• **ASSIGNED TASK**
Each line below is to be repeated exactly; any picture is to be left out.

• **DATA SECTION**

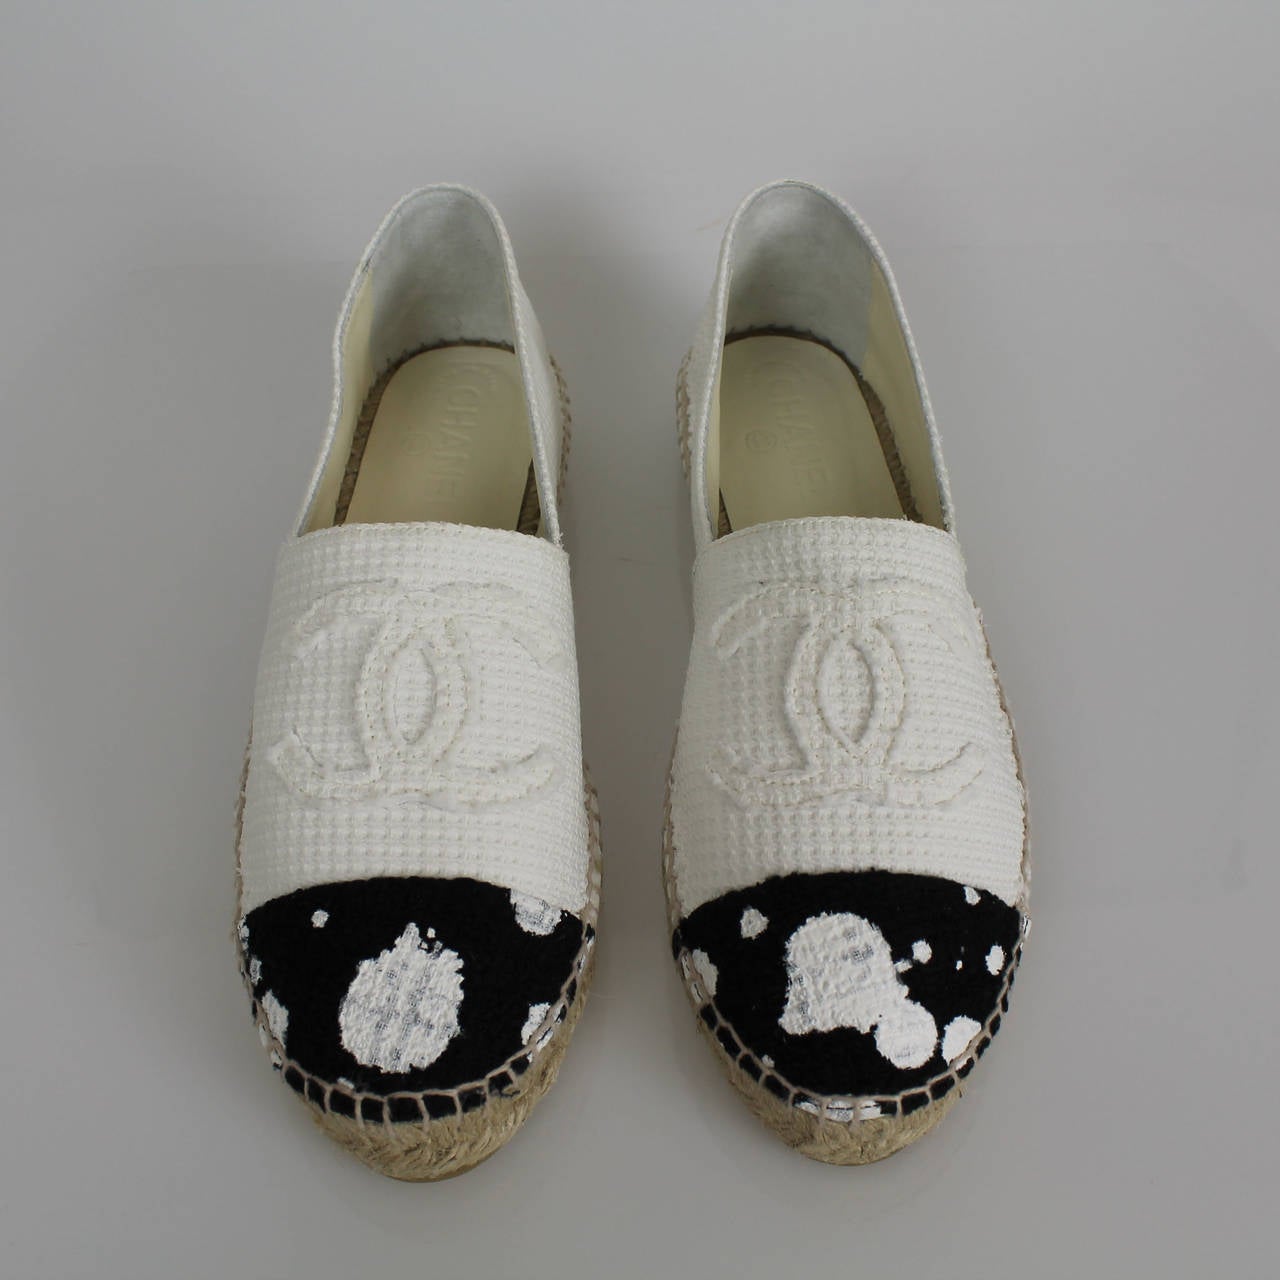 This is an authentic pair of CHANELTweed Espadrilles 41 in White. These espadrilles have a slim mid sole with uppers of White tweed with a Chanel CC logo. Dalmation balck and white print cap toe. These are marvelous espadrilles for a more natural
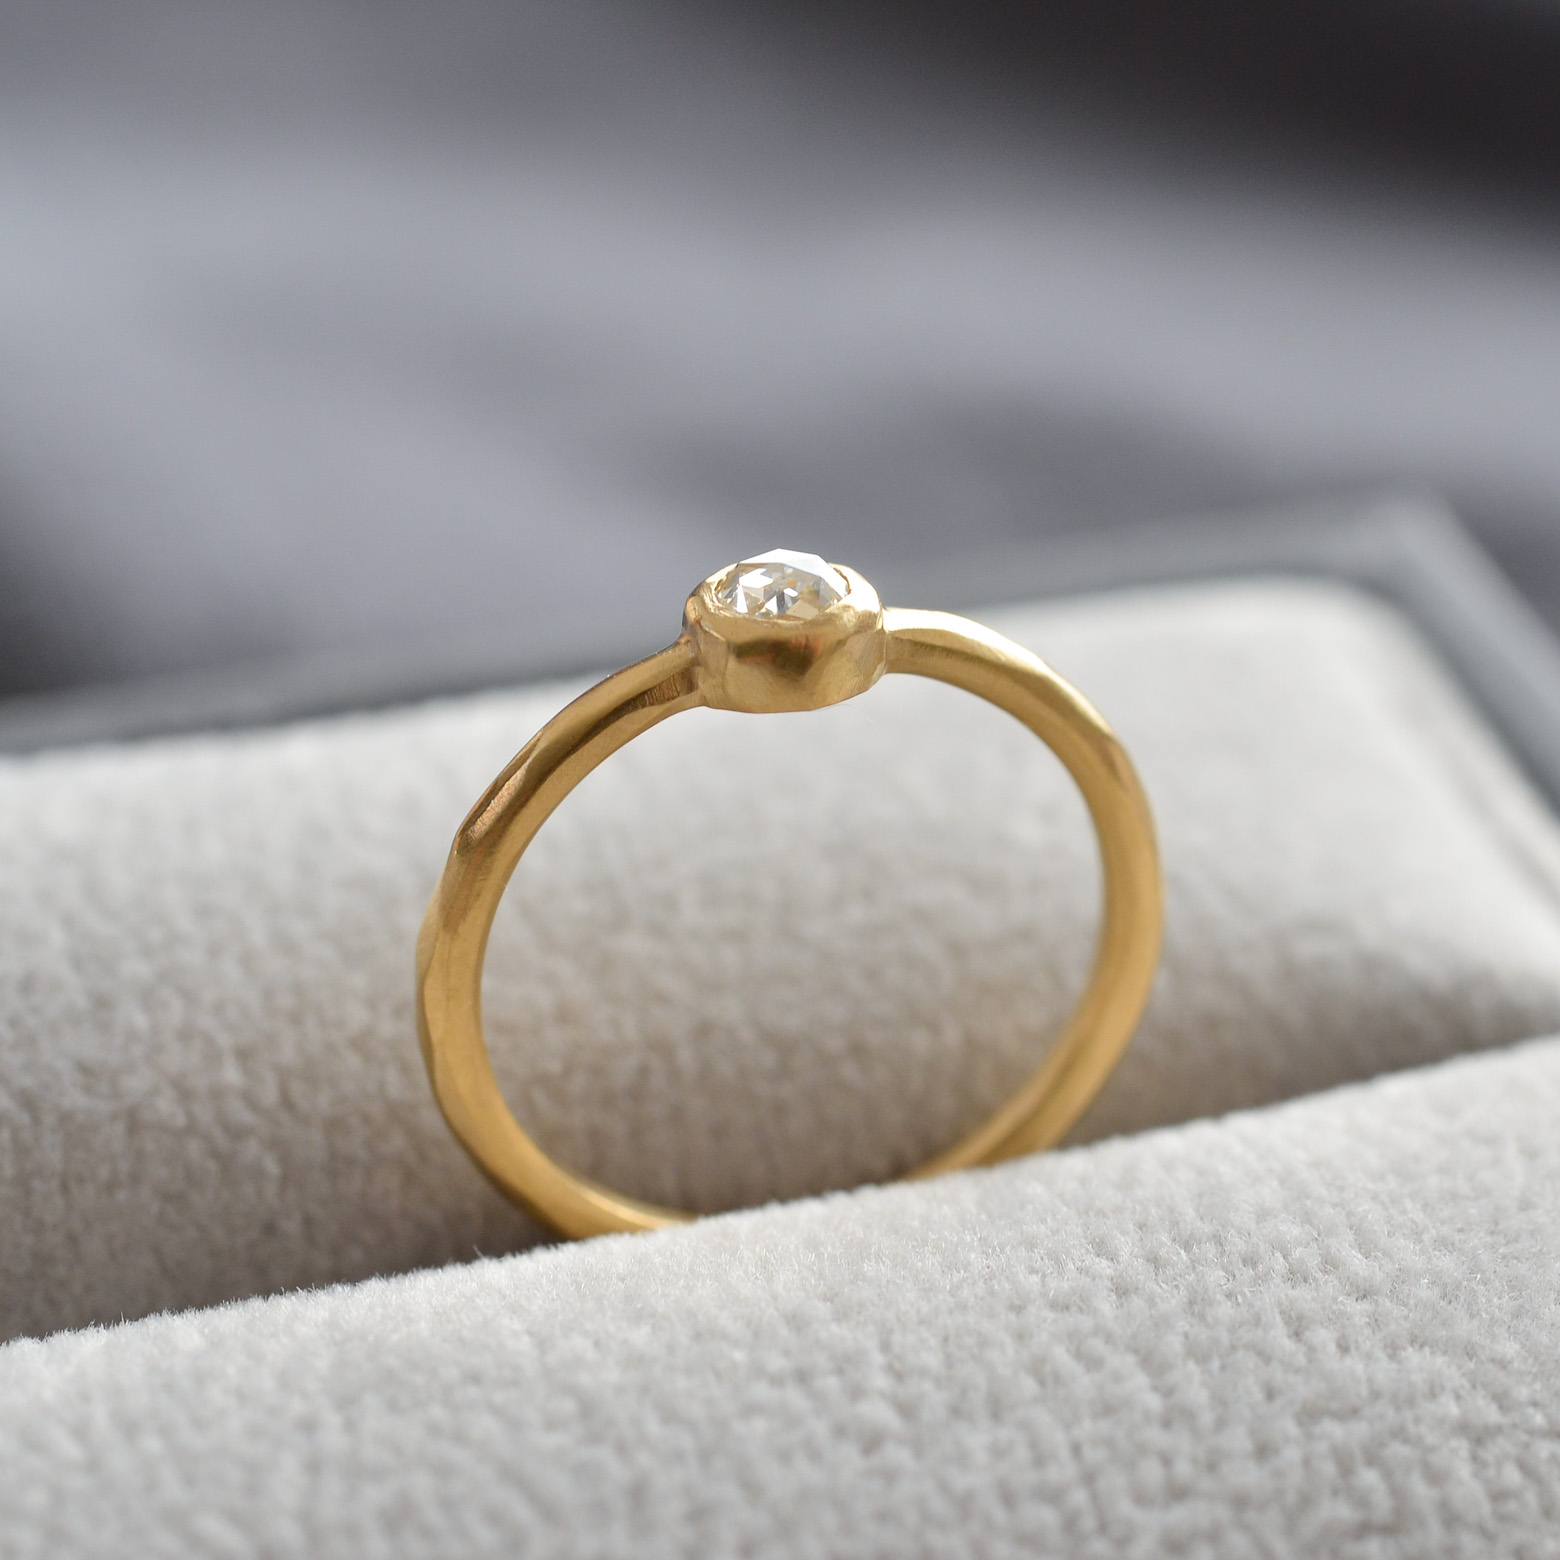 3mm Rosecut Diamond Ring (SOURCE) - SOURCE objects
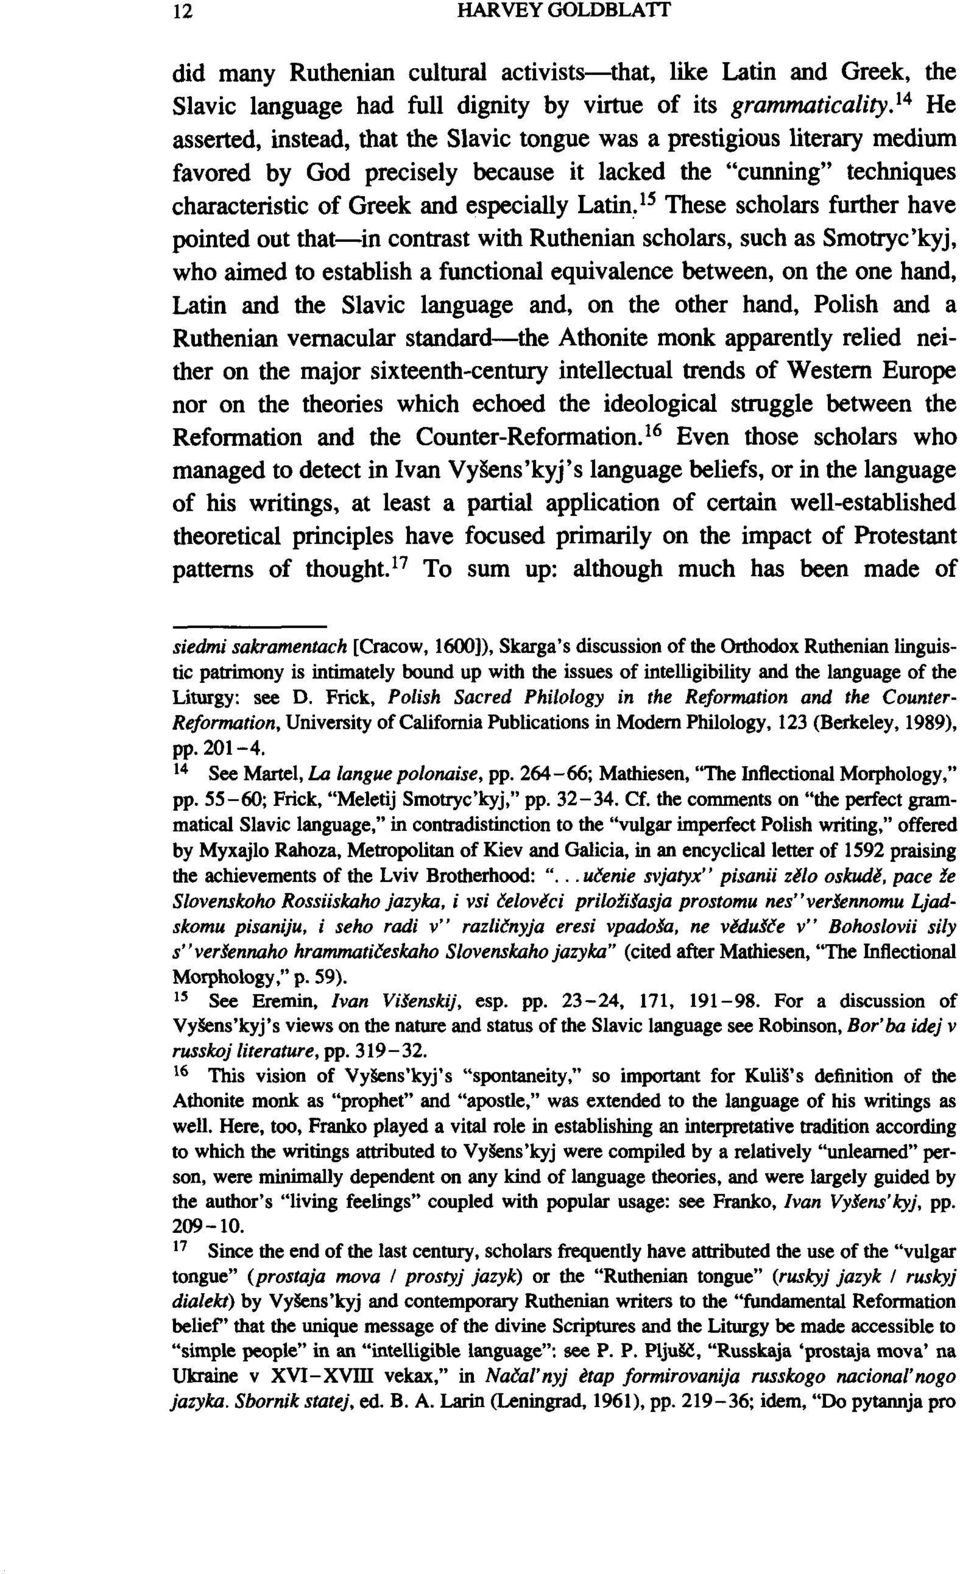 15 These scholars further have pointed out that in contrast with Ruthenian scholars, such as Smotryc'kyj, who aimed to establish a functional equivalence between, on the one hand, Latin and the
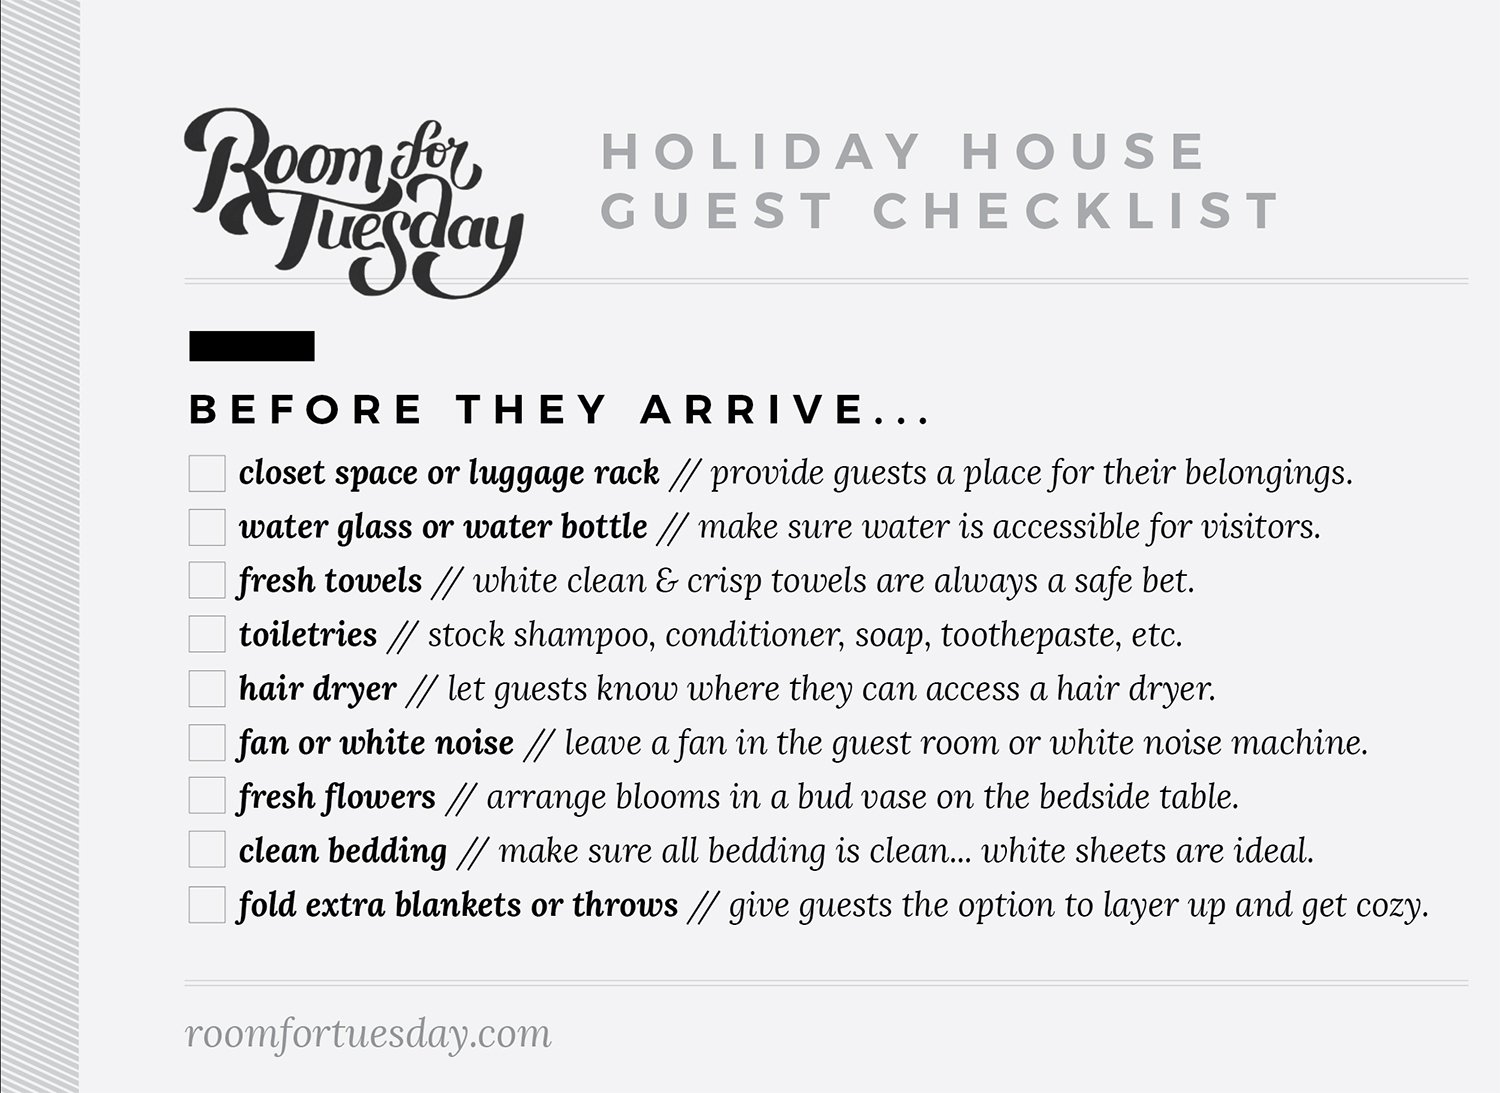 Tips for Hosting for Holiday House Guests - roomfortuesday.com

• **OUTPUT BELOW**
 This is an authentic pair of CHANELTweed Espadrilles 41 in White. These espadrilles have a slim mid sole with uppers of White tweed with a Chanel CC logo. Dalmation balck and white print cap toe. These are marvelous espadrilles for a more natural
 3mm Rosecut Diamond Ring (SOURCE) - SOURCE objects
 15 These scholars further have pointed out that in contrast with Ruthenian scholars, such as Smotryc'kyj, who aimed to establish a functional equivalence between, on the one hand, Latin and the
 Tips for Hosting for Holiday House Guests - roomfortuesday.com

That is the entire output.